朝日山親方の弟子は現在4人

 若貴時代に活躍し、2度の平幕優勝を成し遂げた元関脇・琴錦の朝日山親方(49)。わかりやすい解説でも人気の親方が、現在の角界を徹底解説する。

「私は2回優勝していますが、もし今自分が現役なら、あと2、3回は優勝できていたんじゃないかと思います。その理由はレベルの違い。はっきりいって、どんどん落ちていますね。若貴時代なら朝青龍は横綱にはなっていない。関脇止まりでしょう。白鵬は微妙ですが、少なくともこんなに優勝して大横綱と呼ばれてはいない。

 もっとも、北の湖さんは『貴乃花も武蔵丸も、俺らの時代なら十両だな』って言っていたそうですけど(笑)。レベルの低下は、同世代に現役だったみんなが口を揃えて言います。私は対戦していませんが、貴乃花と朝青龍、白鵬と対戦している力士に聞くと、みんな『貴乃花のほうが強い』と言いますよ」

 それを証明する一番が、2002年九月場所の貴乃花VS.朝青龍戦だという。

「朝青龍は勢いがある新大関。一方、貴乃花は7場所連続の休場明けで引退間際。このボロボロの貴乃花に朝青龍は勝てなかった。そういうことです」

 レベル低下の原因は何か。

「圧倒的に稽古の量が減りました。私のころは三番稽古といえば、100番は取ったものです。ところが、いまは30番もやれば多いほう。入門する子も少なく、やめられると困るので厳しくしない。逆にアマチュアのほうが稽古は厳しい。だからアマチュアで成績を残した人は、プロ入りしてすぐに番付の上位までいってしまう。プロとアマの実力が逆転しているんです」

 そして注目の稀勢の里、高安。初日、両者とも黒星を喫したが……。

「じつは昨年、高安にアドバイスしたんです。四つ相撲にこだわっているようだったので、『お前の原点は押しだろう。それで上がってきたんだから』と。

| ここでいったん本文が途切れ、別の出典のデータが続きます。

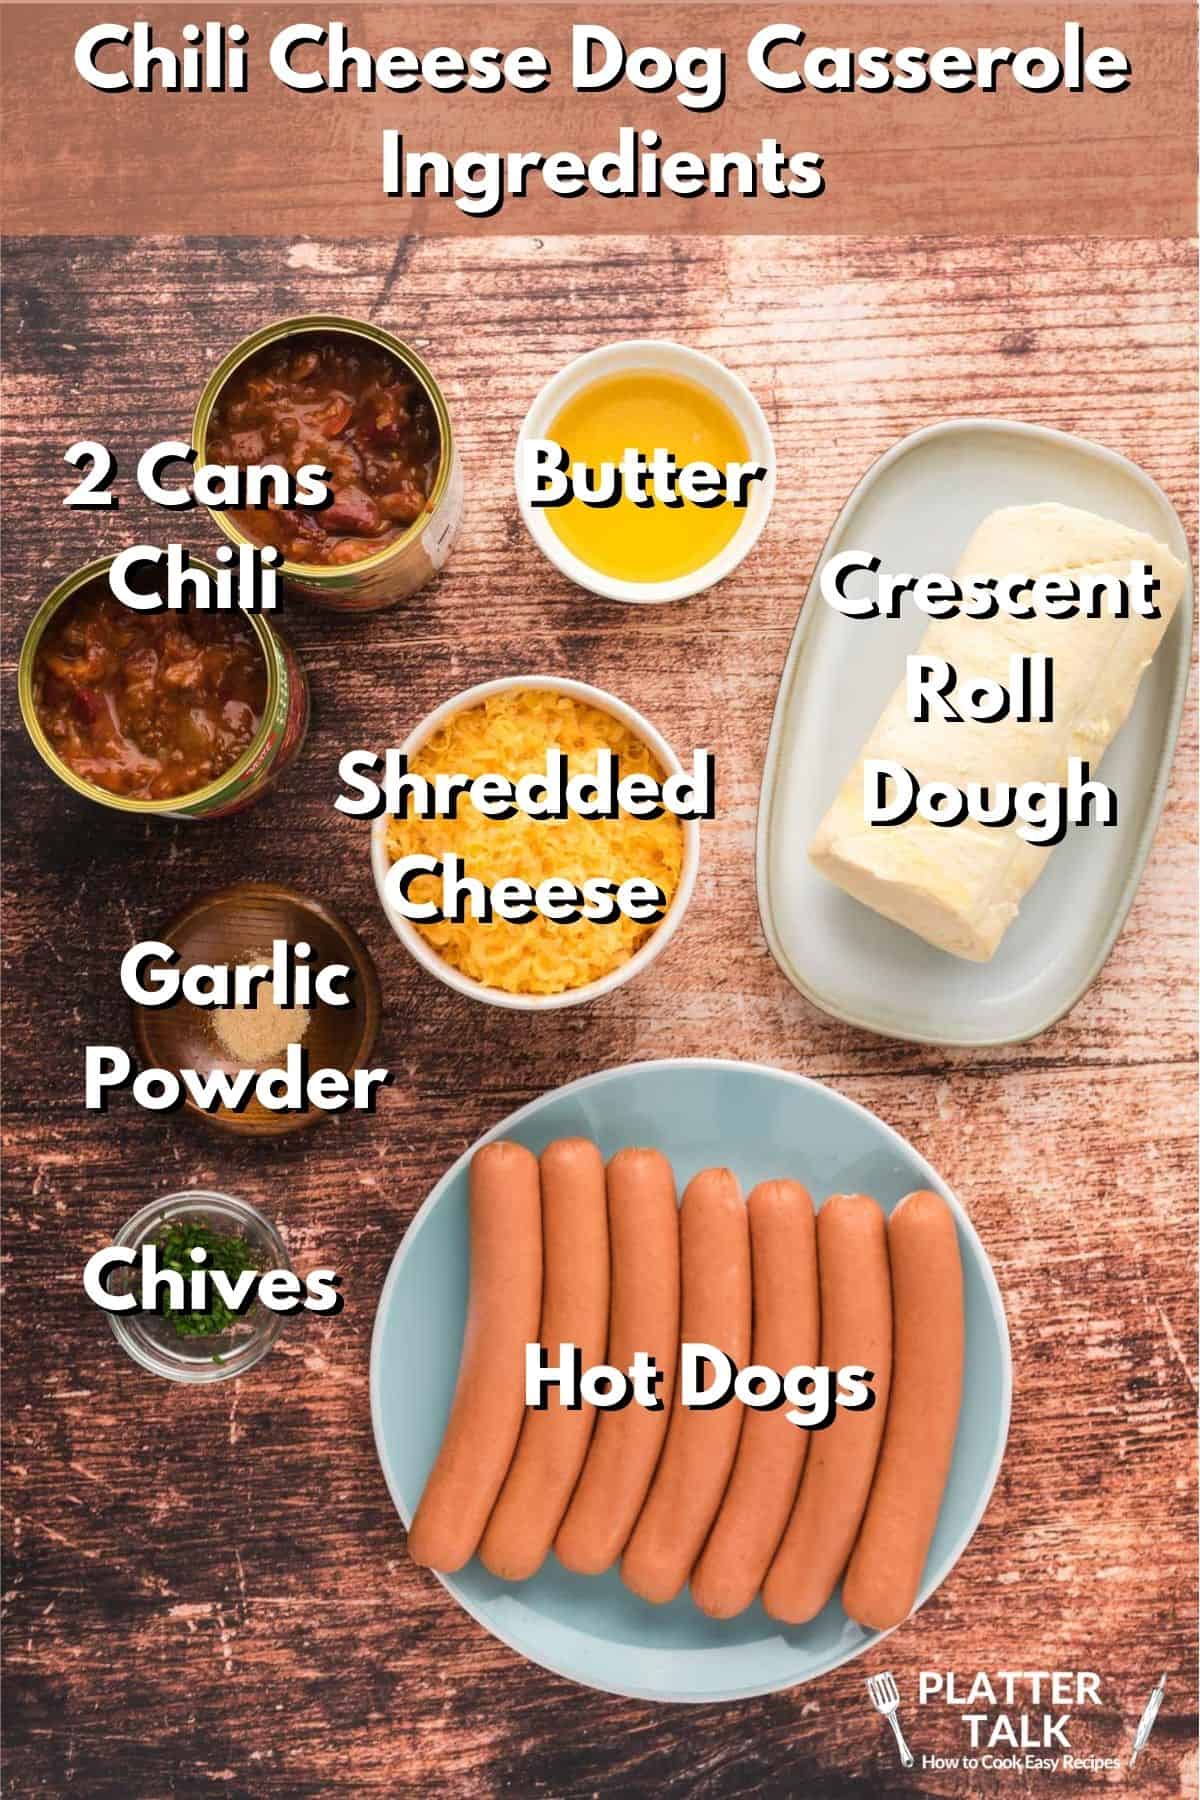 A bunch of hot dogs and other ingredients.

 稀勢の里は、やはり怪我の具合が心配です。以前、同じ部分を怪我した力士に聞くと、『痛くはないけど力が入らない』と。しかもなかなか治らない。少なくとも半年、1年は見なくちゃいけないのかもしれない。

 とすれば、やはり相撲のスタイルを変える必要がある。原点に戻って押し相撲でいく。

 とはいっても、なかなか人の言うことを聞かないからなあ(笑)。不器用な性格なんです。力士の友達もほとんどいないし、まさに一匹狼。そういう稀勢の里も大好きなんだけど、もっといろんな人の意見を聞いてほしいね」

 2016年6月に部屋を開いてから1年。弟子は4人という小さな部屋だが、充実した日々を送っているという。

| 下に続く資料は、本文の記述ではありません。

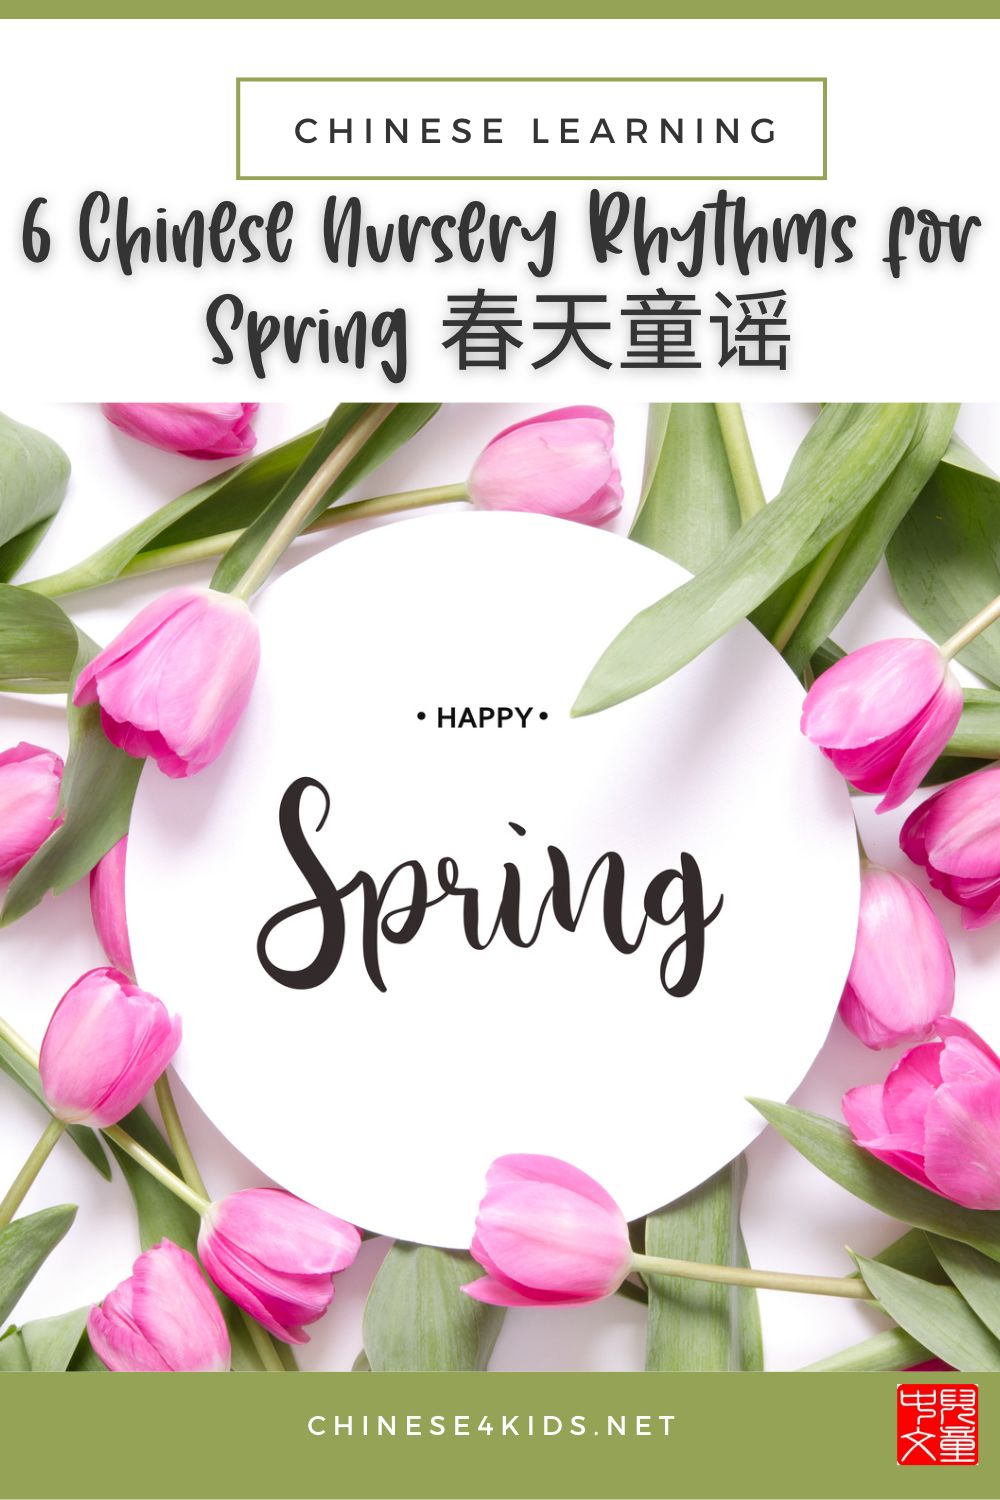 These 6 cheerful Chinese nursery rhythms are great for kids to learn during spring. #Chinese4kids #Chinesenurseryrhythm #spring #Chineseforkids #learnChinese #MandarinChinese

「高校や大学にルートがないのでスカウトは大変。弟子の一人はコンビニでスカウトしたし、ハローワークに行っていた子もいる。マネージャーを雇う余裕はないけど、自分には曙や朝青龍らに相撲を教えたという自信がある。今度は自分の部屋で弟子を育て上げたい。精いっぱいやります」
(週刊FLASH 2017年6月27日号)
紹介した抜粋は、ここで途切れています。